В кошельке на поясе Конана, среди золотых и серебряных «токтыгаев», лежала отлитая из бронзы фигурка парящего сокола – пропуск, полученный Сеулом от племенного вождя афгулов. Конан давно знал этот тотем, несколько десятков мужчин из племени парящего сокола служили когда-то в его армии, но с вождями и старейшинами ему не доводилось встречаться.

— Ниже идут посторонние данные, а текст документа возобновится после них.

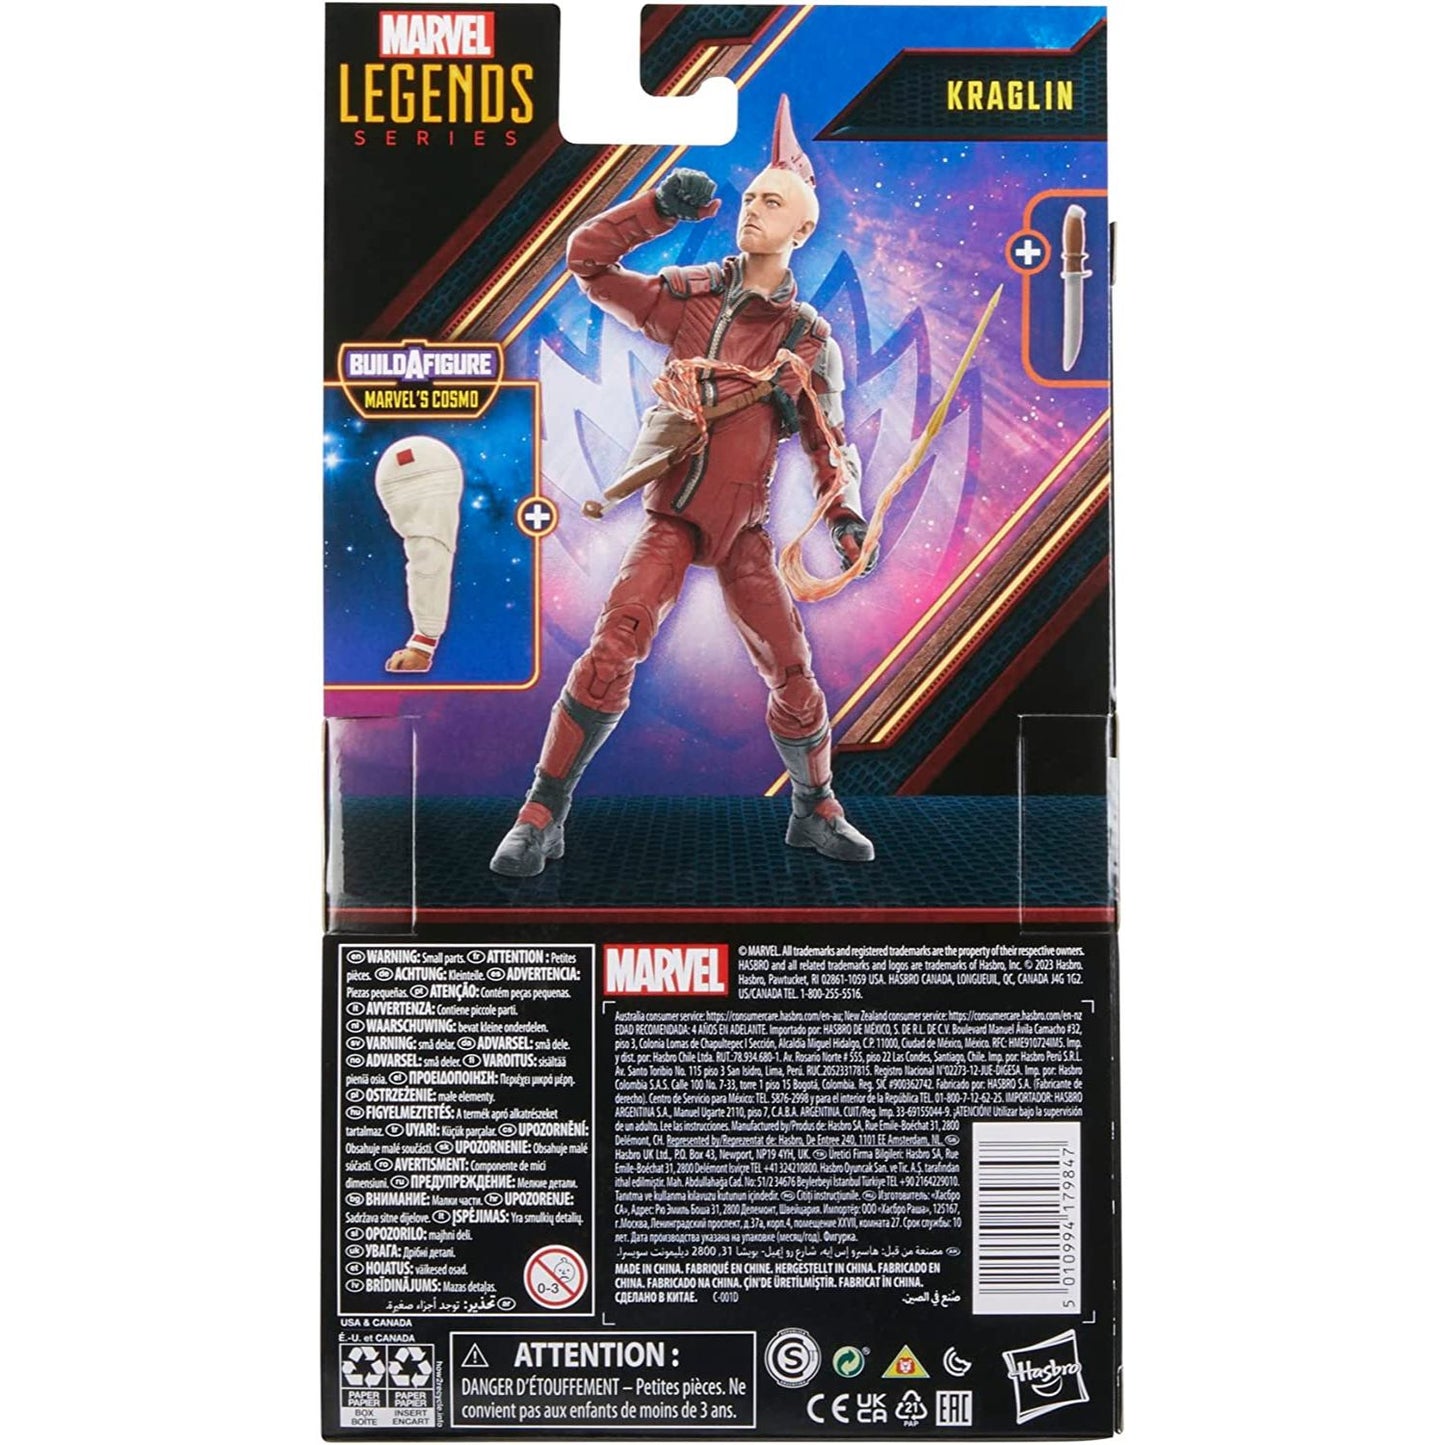 Guardians of the Galaxy Vol. 3 Marvel Legends Kraglin 6-Inch Action Figure in Box Back View - Heretoserveyou

Племя обитало в труднодоступных горах, то и дело перекочевывало с одной караванной тропы на другую и сводило концы с концами только благодаря «пошлинам» с купцов. Пожалуй, по афгульским меркам оно было даже миролюбивым, ибо только предельная несговорчивость караванщиков вынуждала соколов хвататься за кривые сабли и кинжалы. Соколы далеко не первый век мыкались в этих бесплодных горах. Суровая природа не позволила им обзавестись стадами овец и коров по примеру соседних кланов, и они нашли замену в лице торговцев. Конечно, можно ободрать гостя, как липку, можно даже кровь ему пустить, но кто тогда приведет караван на следующий год? По Гимелианским горам бродили красивые легенды, как соколы делились с иноземцами последней заплесневелой лепешкой, как дрались с соседними кланами, защищая проезжих купцов. Здешний народ имел мало сходства с апийцами, тоже промышлявшими разбоем. Конечно, и афгул способен за ломаный грош выпустить кишки странствующему проповеднику, но на преступление его толкает вековечная борьба за выживание, а вовсе не фанатичная преданность изуверским обычаям.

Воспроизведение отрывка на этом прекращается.